EXERCISE PROMPT:
Write out the data exactly, please, and omit the pictures.

SUPPLIED DATA:
● ● ● ●
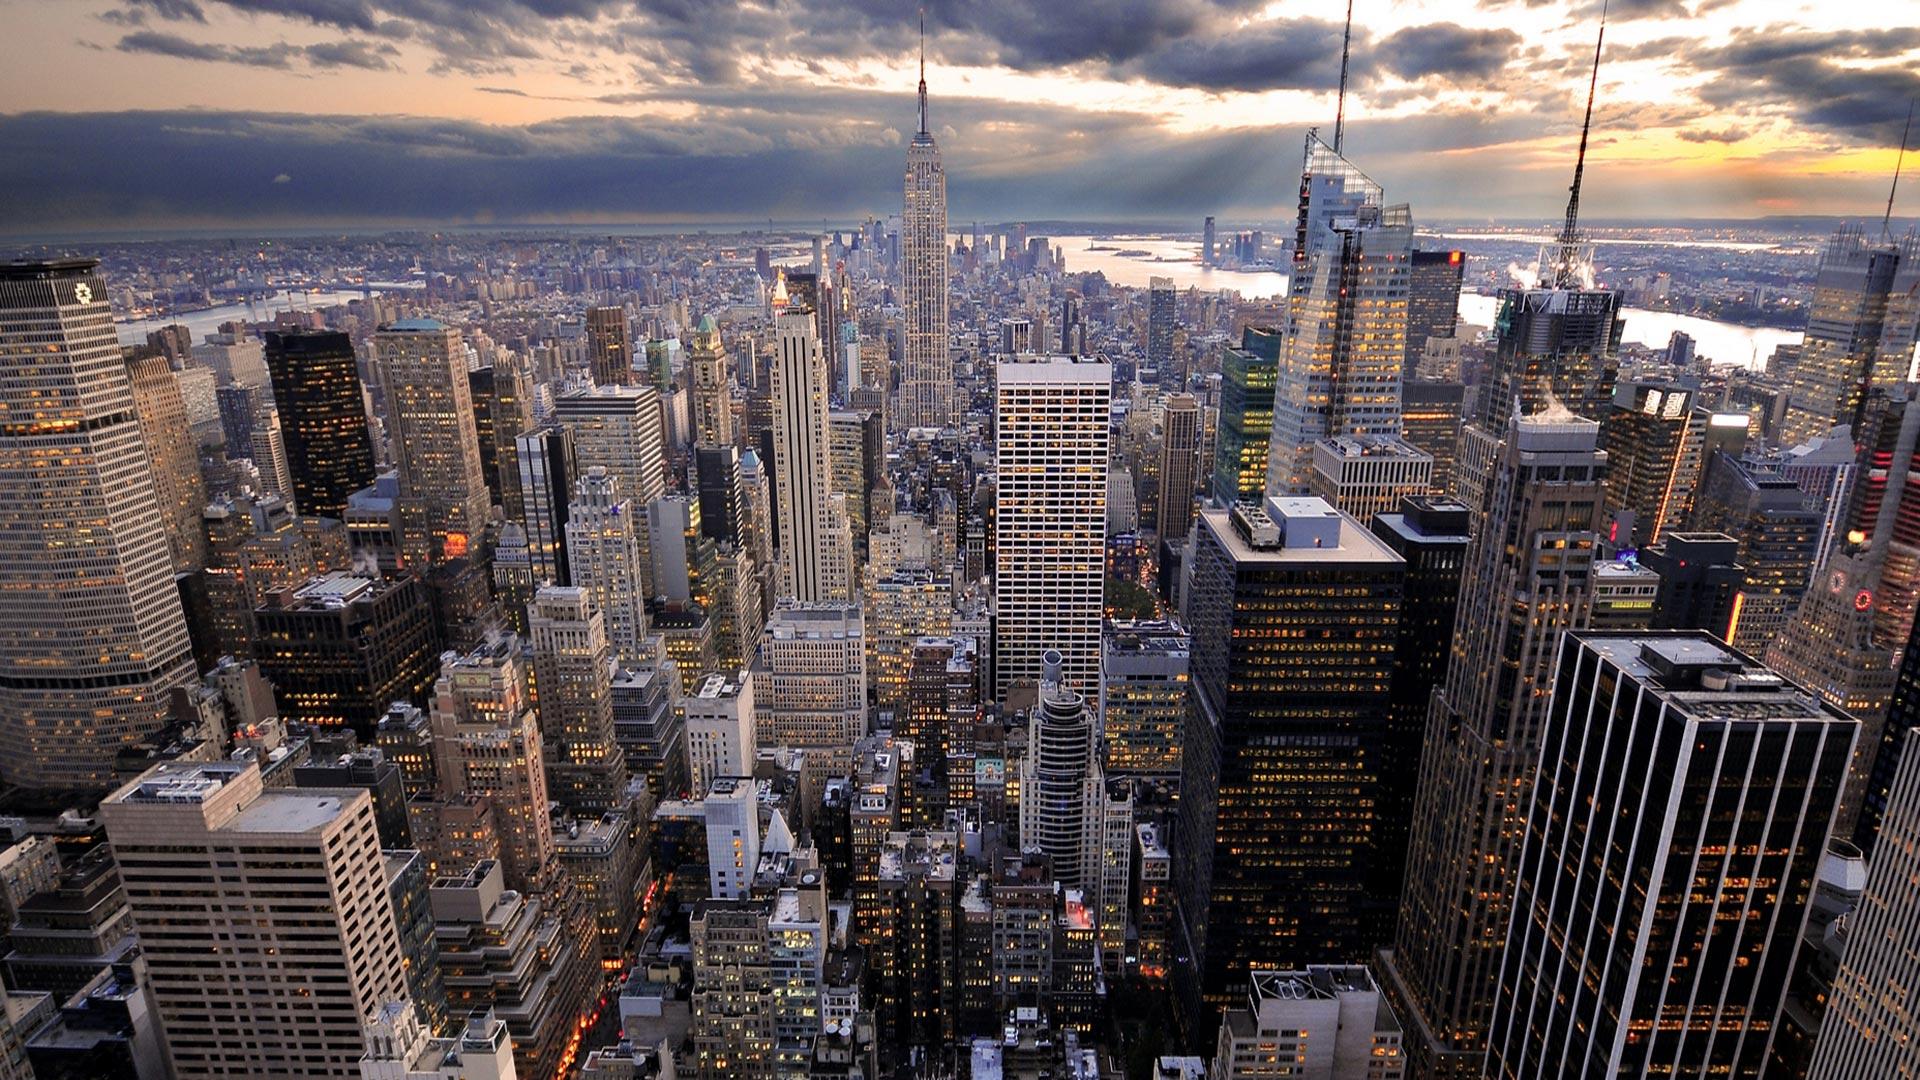 Wallpapers New York City Landscape wallpaper 1920x1080
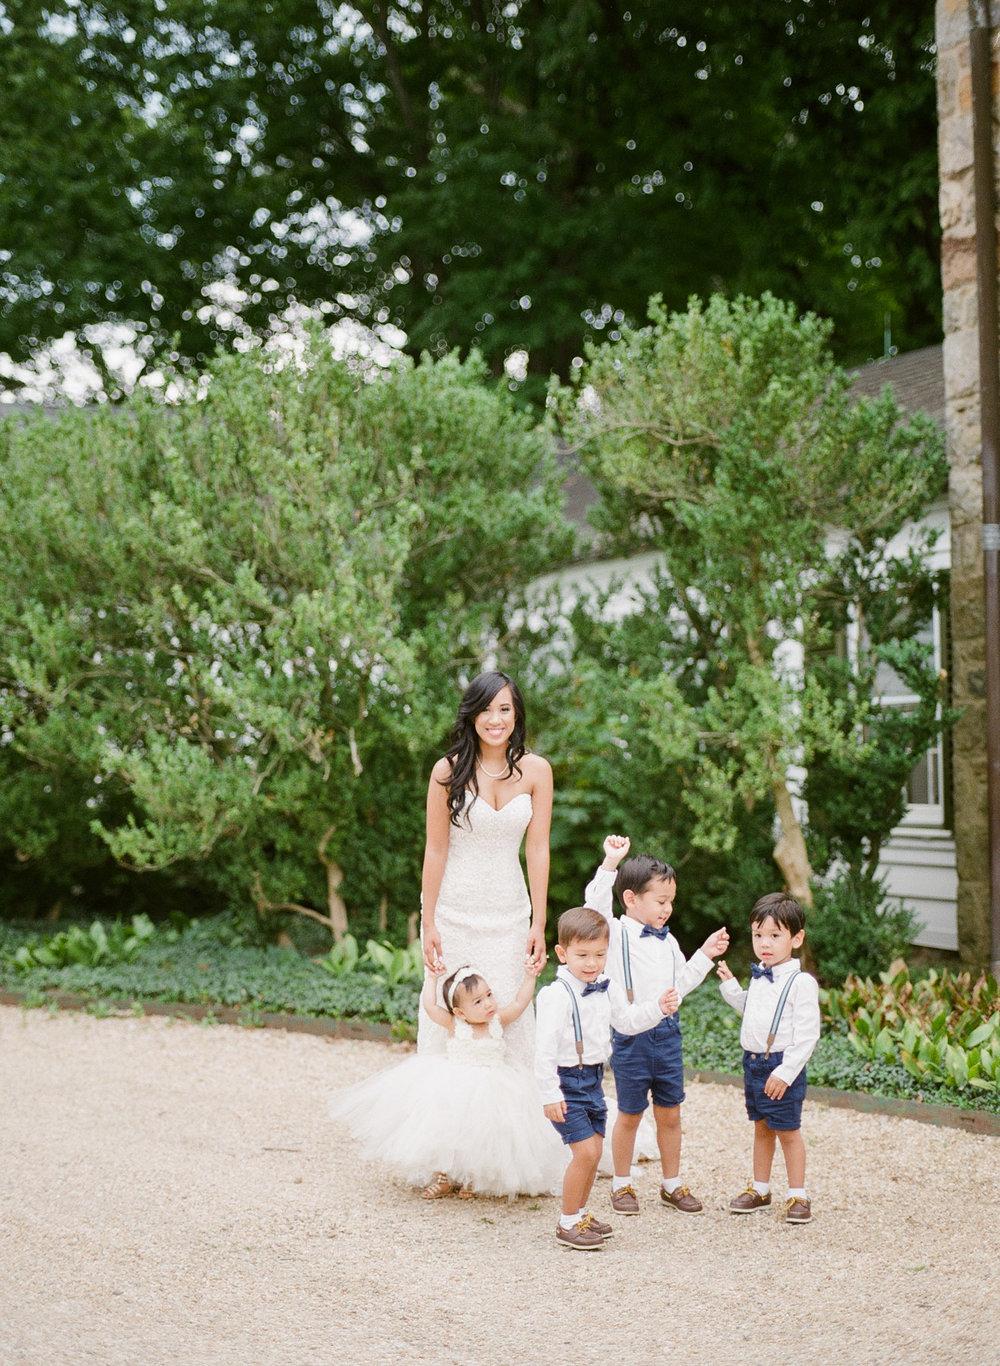 Virginia-Film-Photographer-Wedding-23.jpg
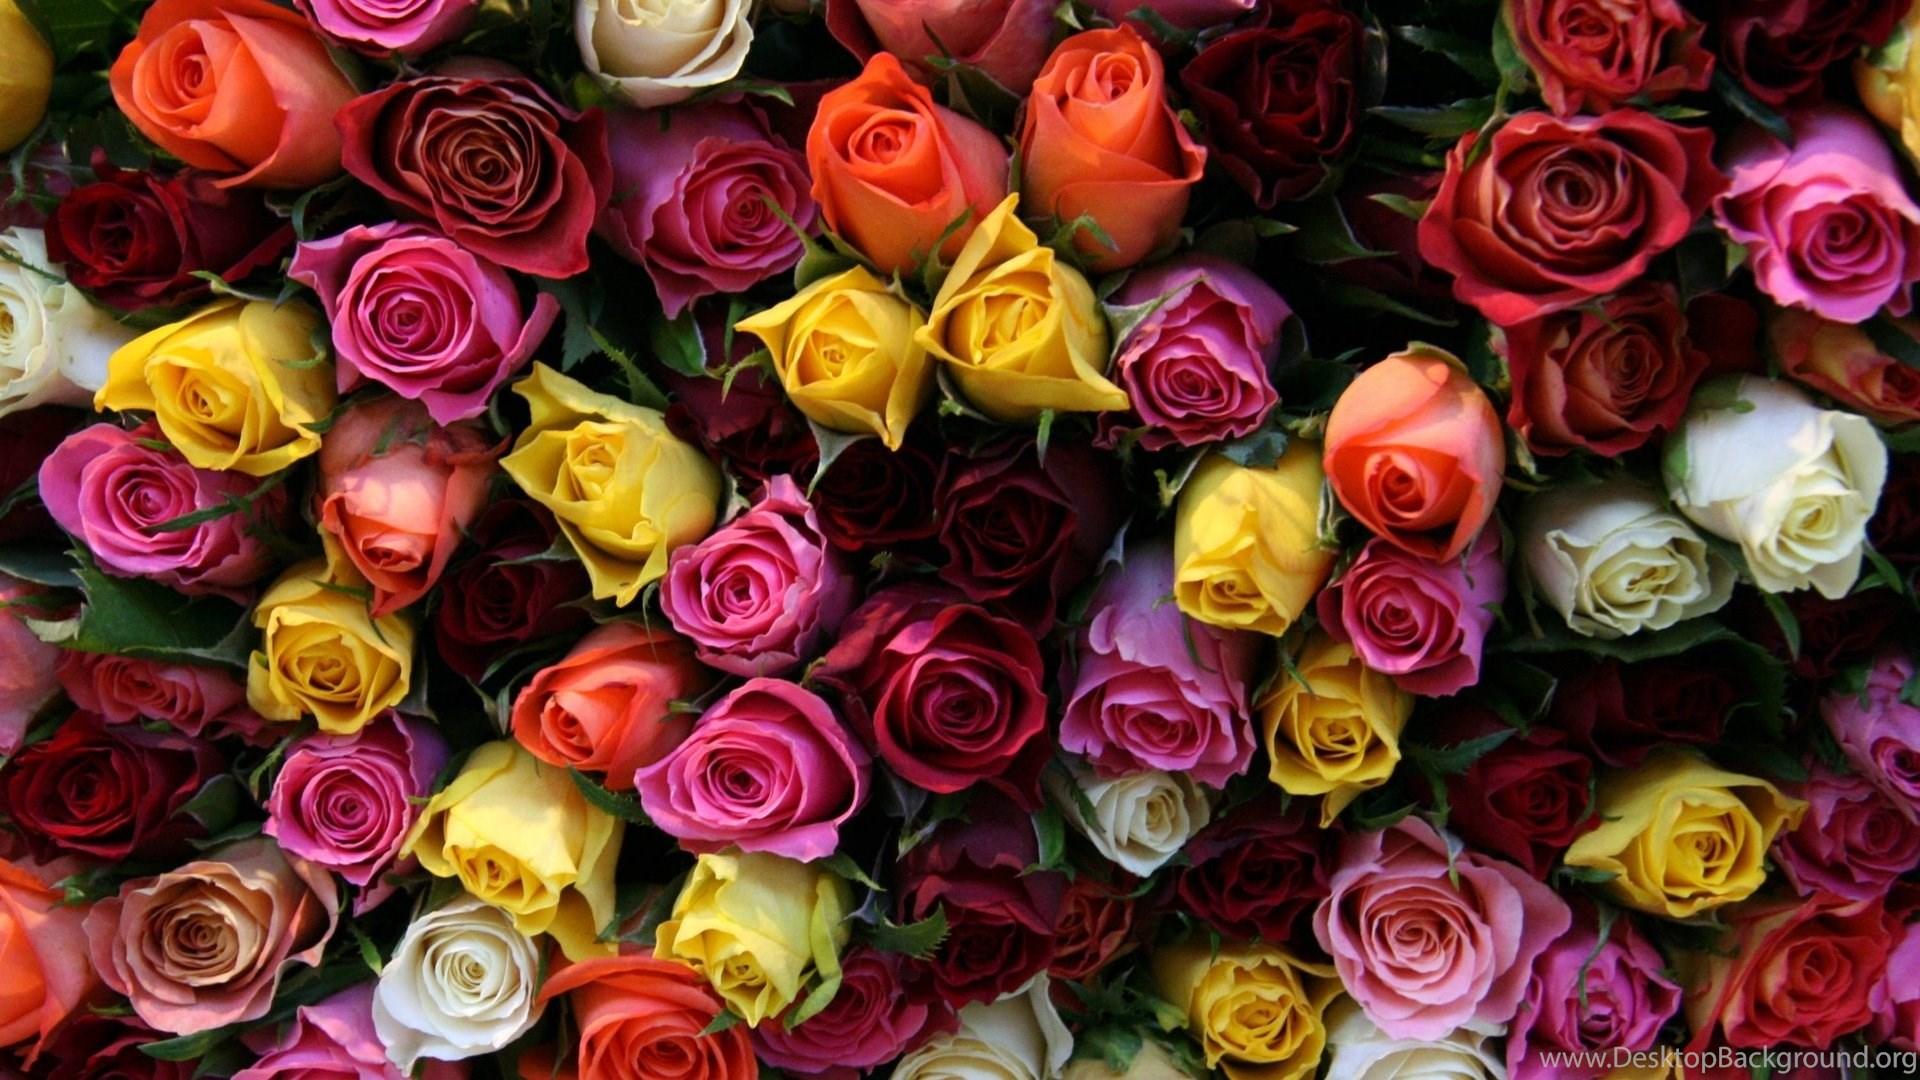 Beautiful Flower Bouquet Love Flowers Roses Full Screen Image
● ● ● ●
RESULT FOR THIS EXERCISE:
 Wallpapers New York City Landscape wallpaper 1920x1080
 Virginia-Film-Photographer-Wedding-23.jpg
 Beautiful Flower Bouquet Love Flowers Roses Full Screen Image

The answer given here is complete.